New Left Review 86, March-April 2014
nancy fraser
BEHIND MARX’S HIDDEN ABODE
For an Expanded Conception of Capitalism
Capitalism is back! After decades in which the term could scarcely be found outside the writings of Marxian thinkers, commentators of varying stripes now worry openly about its sustainability, scholars from every school scramble to systematize criticisms of it and activists throughout the world mobilize in opposition to its practices. [*] These arguments were worked out in conversation with Rahel Jaeggi and will appear in our Crisis, Critique, Capitalism, forthcoming from Polity. Thanks to Blair Taylor for research assistance and to the Centre for Gender Studies (Cambridge), the Collège d’études mondiales, the Forschungskolleg Humanwissenschaften and the Centre for Advanced Studies ‘Justitia Amplificata’ for their support. Certainly, the return of ‘capitalism’ is a welcome development, a crystal-clear marker, if any were needed, of the depth of the present crisis—and of the pervasive hunger for a systematic account of it.
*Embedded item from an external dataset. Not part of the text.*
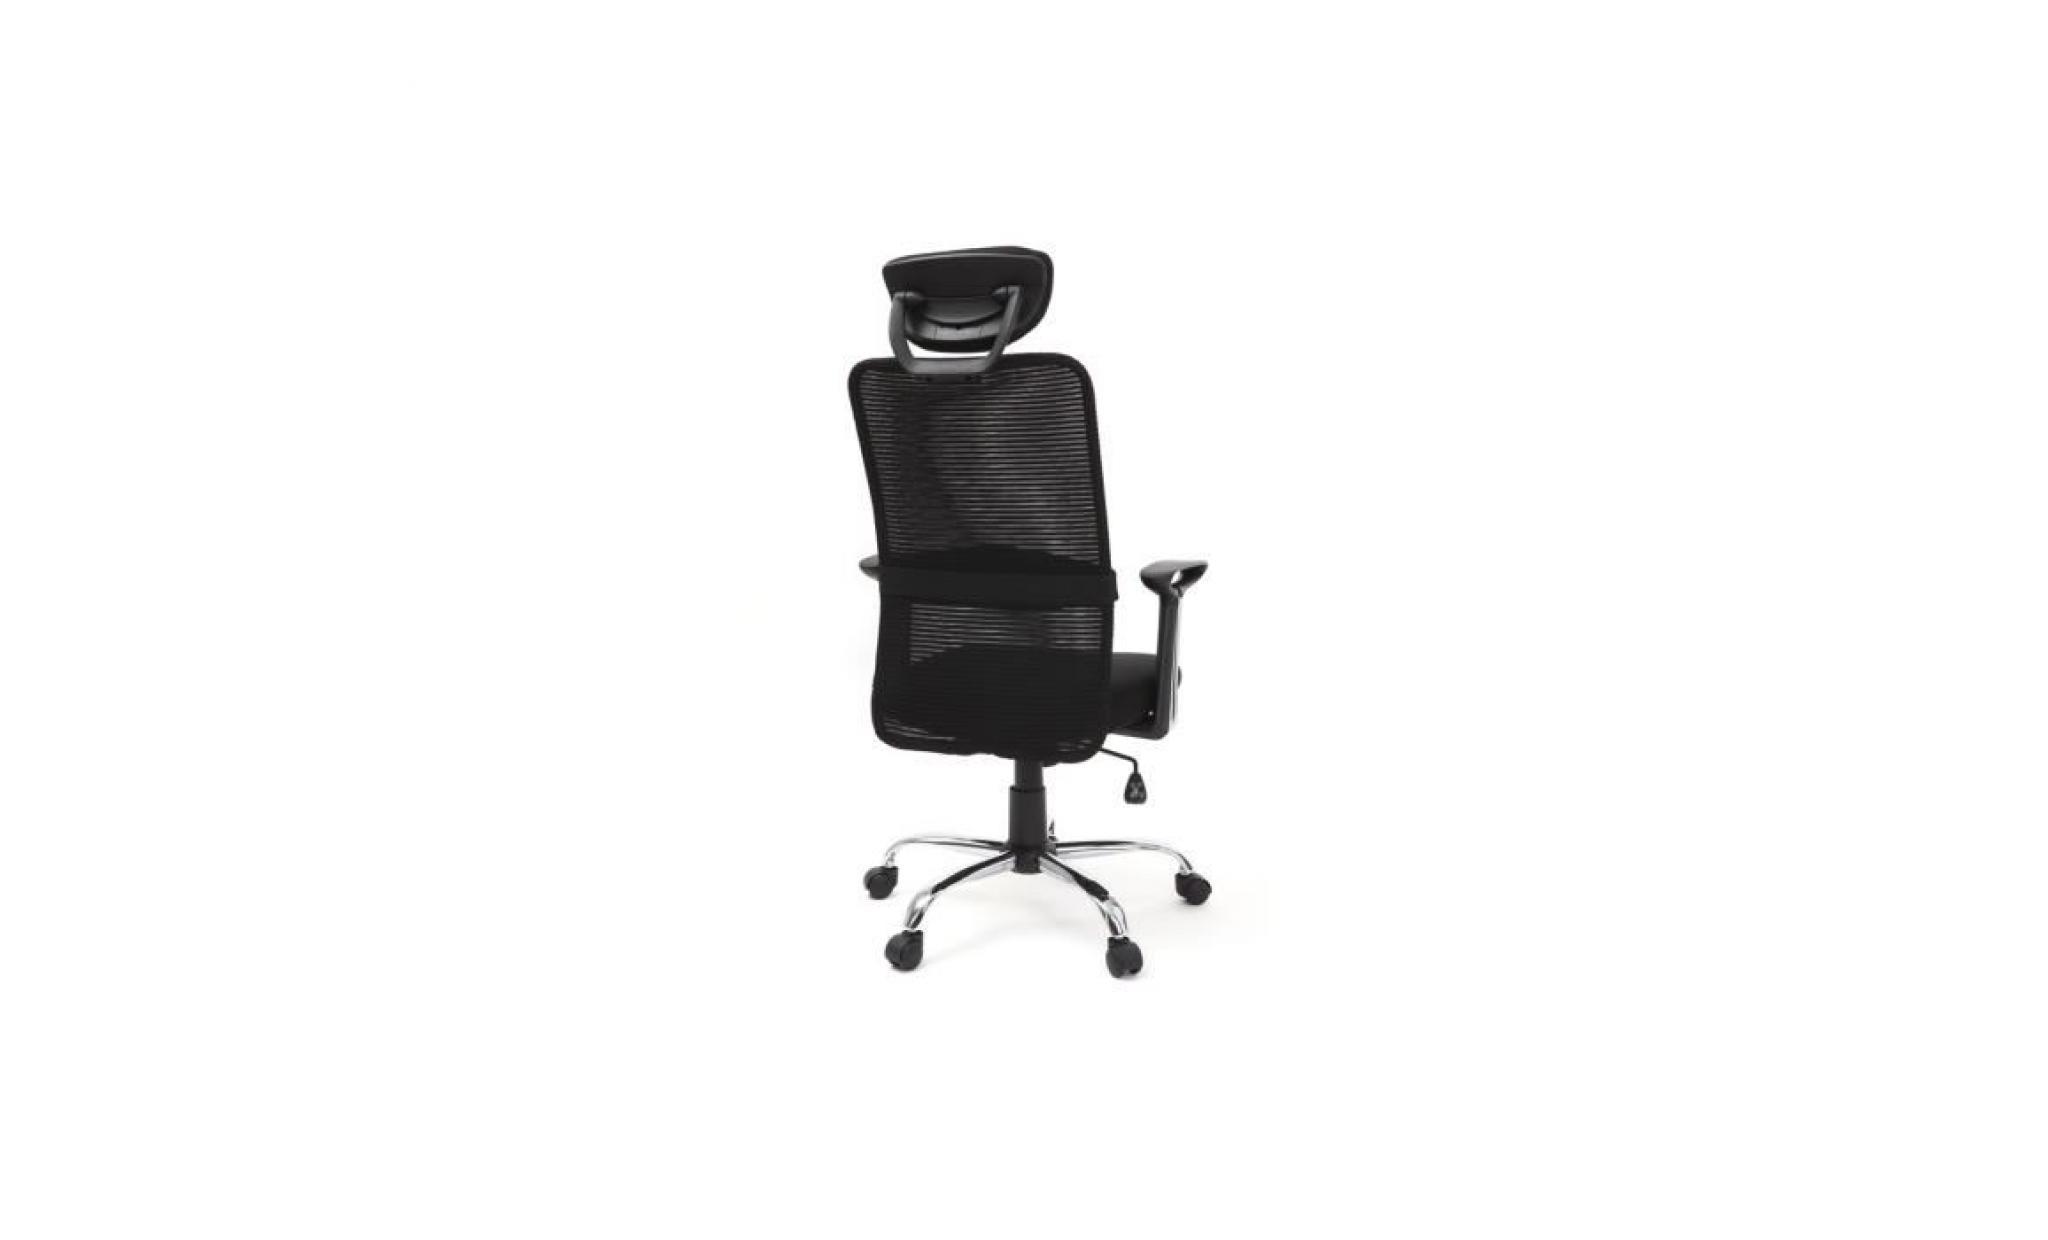 adapt fauteuil 3 40 Élégant Promo Fauteuil Ksh4

What all the talk about capitalism indicates, symptomatically, is a growing intuition that the heterogeneous ills—financial, economic, ecological, political, social—that surround us can be traced to a common root; and that reforms which fail to engage with the deep structural underpinnings of these ills are doomed to fail. Equally, the term’s renaissance signals the wish in many quarters for an analysis that could clarify the relations among the disparate social struggles of our time, an analysis that could foster the close cooperation, if not the full unification, of their most advanced, progressive currents in a counter-systemic bloc. The hunch that capitalism could supply the central category of such an analysis is on the mark.